Lembranças de uma eleição

TOSTÃO
COLUNISTA DA FOLHA

Em 1960 , na eleição para presidente da República, tive a primeira experiência de cidadão.
Era um adolescente sonhador e tímido. Incentivado pela família, participei do comitê pró-Jânio Quadros, no bairro onde morava. Em vez de jogar bola no intervalo das aulas, distribuía e colava cartazes. Sentia-me importante.
Jânio Quadros era, naquele momento, o meu grande ídolo, maior até que Pelé, Garrincha, Didi, Nilton Santos e outros craques campeões do mundo. Jânio iria limpar o Brasil com a sua vassoura (símbolo da campanha).
Houve um grande comício no bairro. Estava lá, ao lado do meu querido pai, perto do palanque. A multidão vibrava com os gestos histriônicos e o discurso singular de Jânio Quadros. Tive vontade de chegar mais perto, tocar e pedir um autógrafo ao futuro presidente, como fazem os fãs com os ídolos. A timidez e a idade não permitiram. Fui para casa feliz sonhando com um novo Brasil.
Porém a realidade era outra. Jânio renunciou. Foi uma grande decepção.
Muitos anos depois, compareci a uma reunião familiar de brasileiros em Houston (EUA), onde tinha sido operado e fazia controle médico. Estava lá o Jânio numa roda, com o mesmo discurso envolvente e sedutor. A filha do ex-presidente morava na cidade.
Cumprimentei o Jânio e fui para o canto oposto. Tinha por ele sentimentos de raiva, desprezo e também de compreensão. Tenho o defeito de tentar sempre entender o outro lado. Diziam que ele tinha sido traído pelos militares.
Hoje, vivo de novo a esperança de mudanças. São situações diferentes. Os próximos anos serão difíceis. Sei que nada se muda por decreto nem em pouco tempo. Não sou mais um sonhador ingênuo, delirante, quixotesco.

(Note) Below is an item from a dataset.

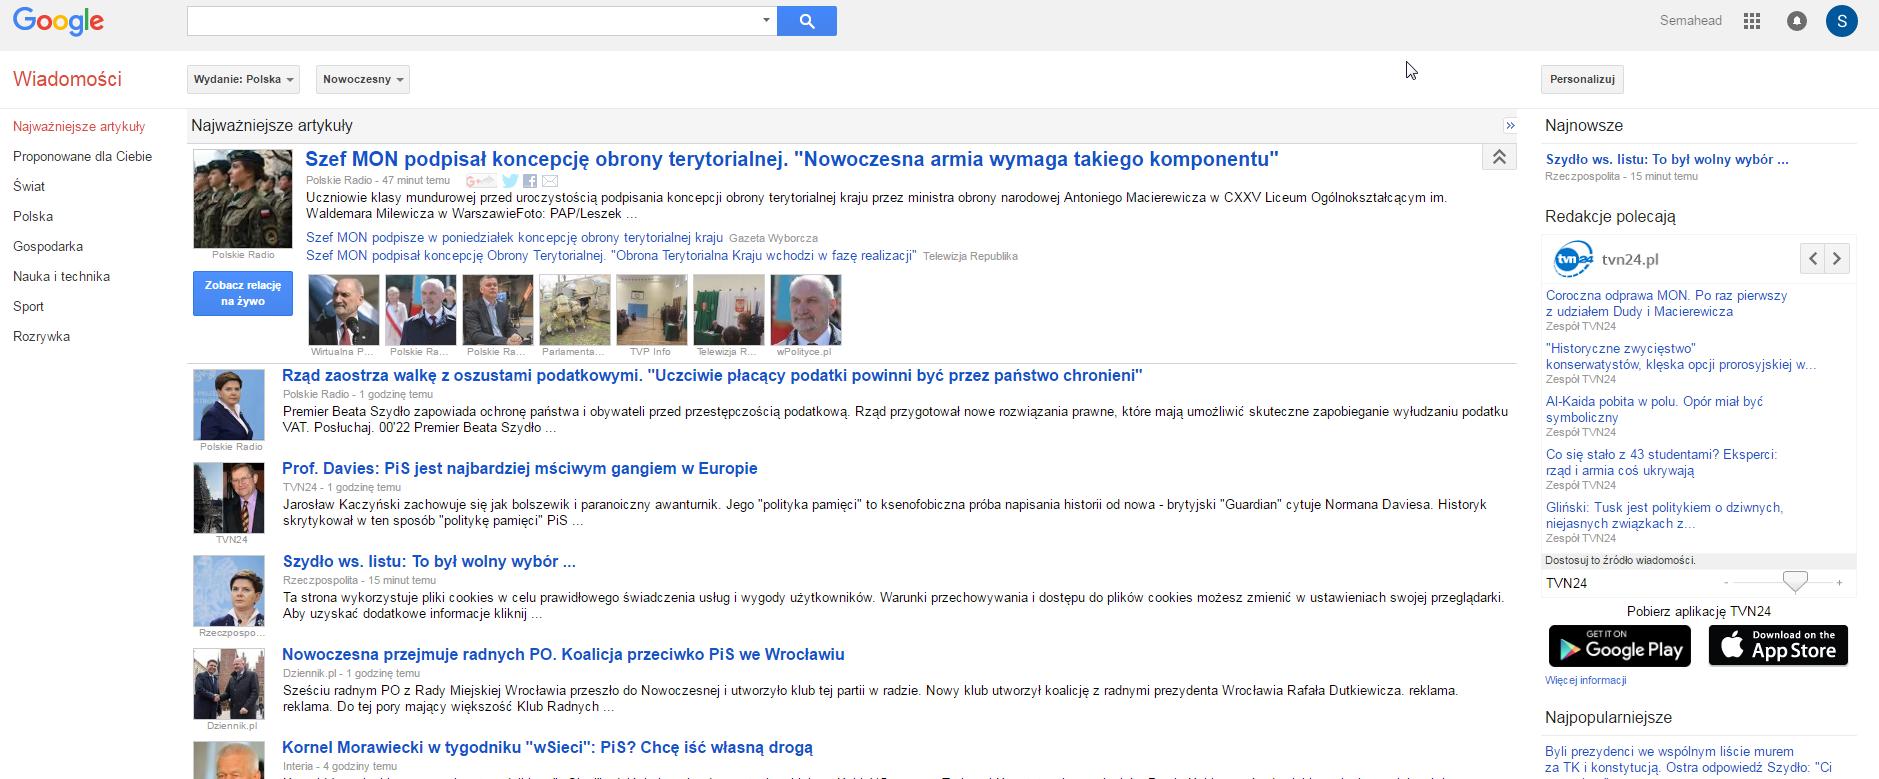 Strona główna Google News popolsku

Mas, se o novo governo plantar com coragem, principalmente para os mais necessitados e excluídos, muitas coisas boas serão colhidas na frente. O Brasil não mais pode ser refém de uma poderosa e egoísta elite econômica.

"Felipão, a alma do penta"
No livro "Felipão, a Alma do Penta", de Ruy Carlos Ostermann, o técnico narra no início de seu diário da Copa: "Treinamos o 3-4-1-2, com a variante do 3-3-2-2, e também o 3-3-3-1". No final, diz: "O esquema que deu melhor resultado foi o 3-4-2-1".

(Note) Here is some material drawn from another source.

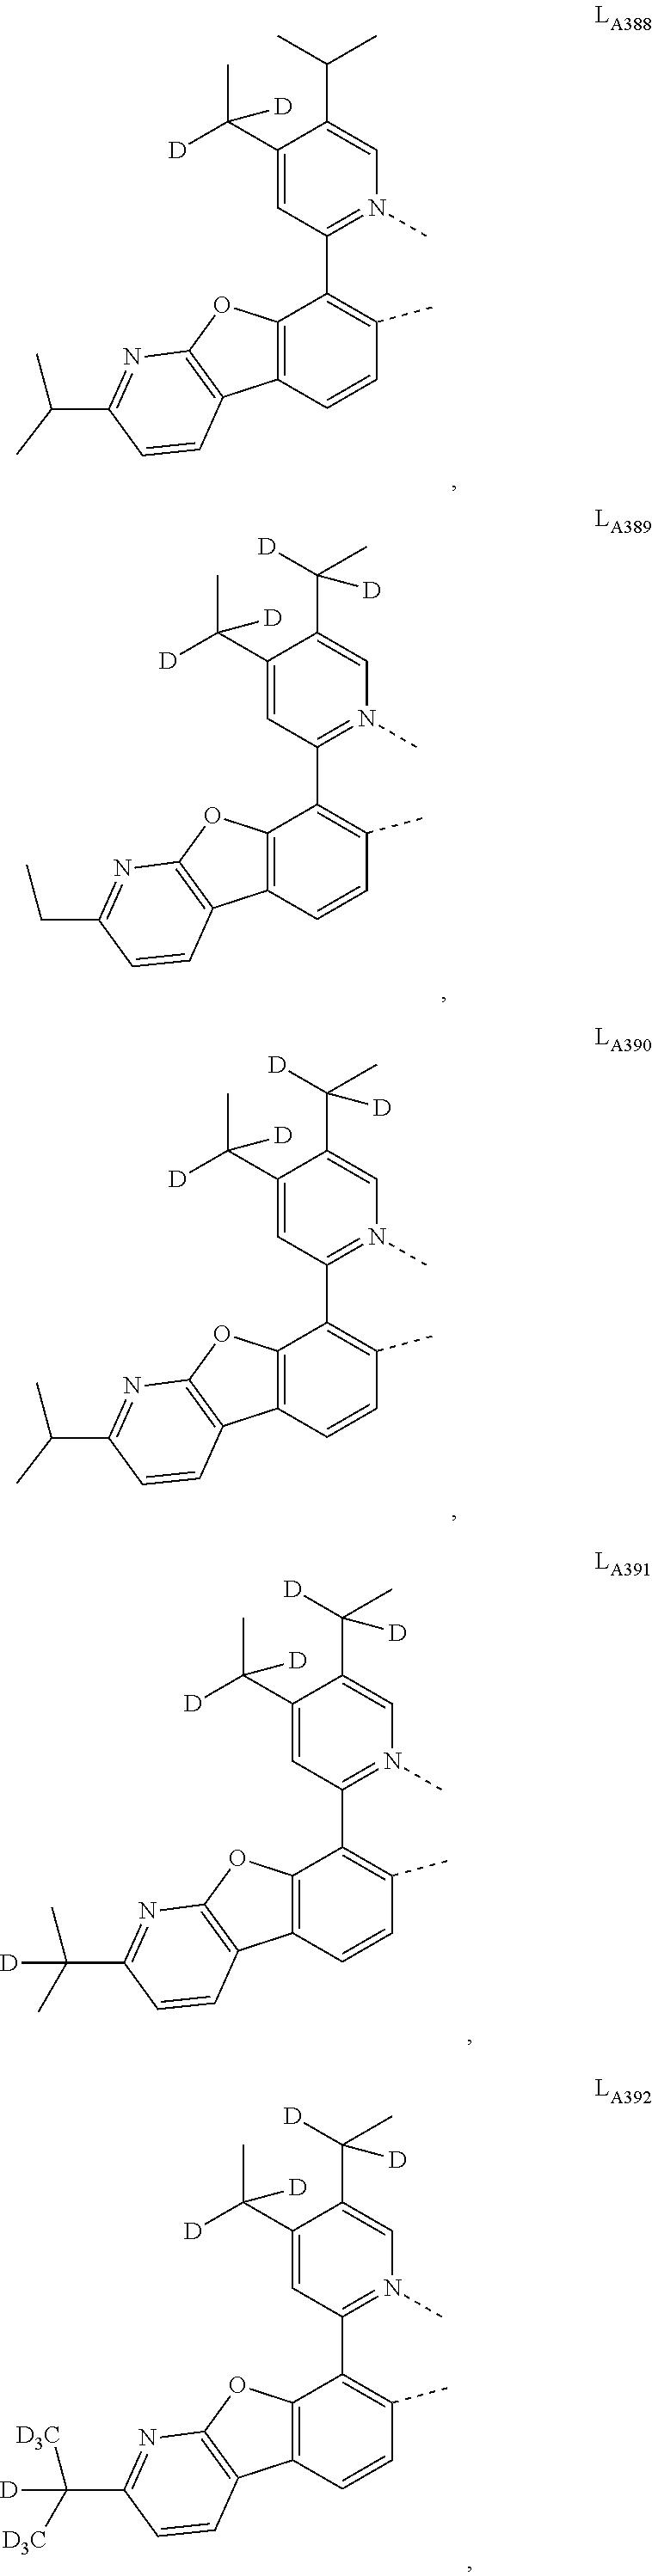 Figure US20160049599A1-20160218-C00484

Entendeu? Se o Felipão e outros técnicos fossem mais claros e explicassem o que pensam, muitas críticas perderiam o sentido.
Não entendo por que os treinadores, como Felipão, escalam os alas no meio-campo. Roberto Carlos e Cafu foram brilhantes individualmente, mas jogaram de laterais defendendo e atacando, sempre correndo encostados na linha lateral. Alguém viu um dos dois atuando no meio?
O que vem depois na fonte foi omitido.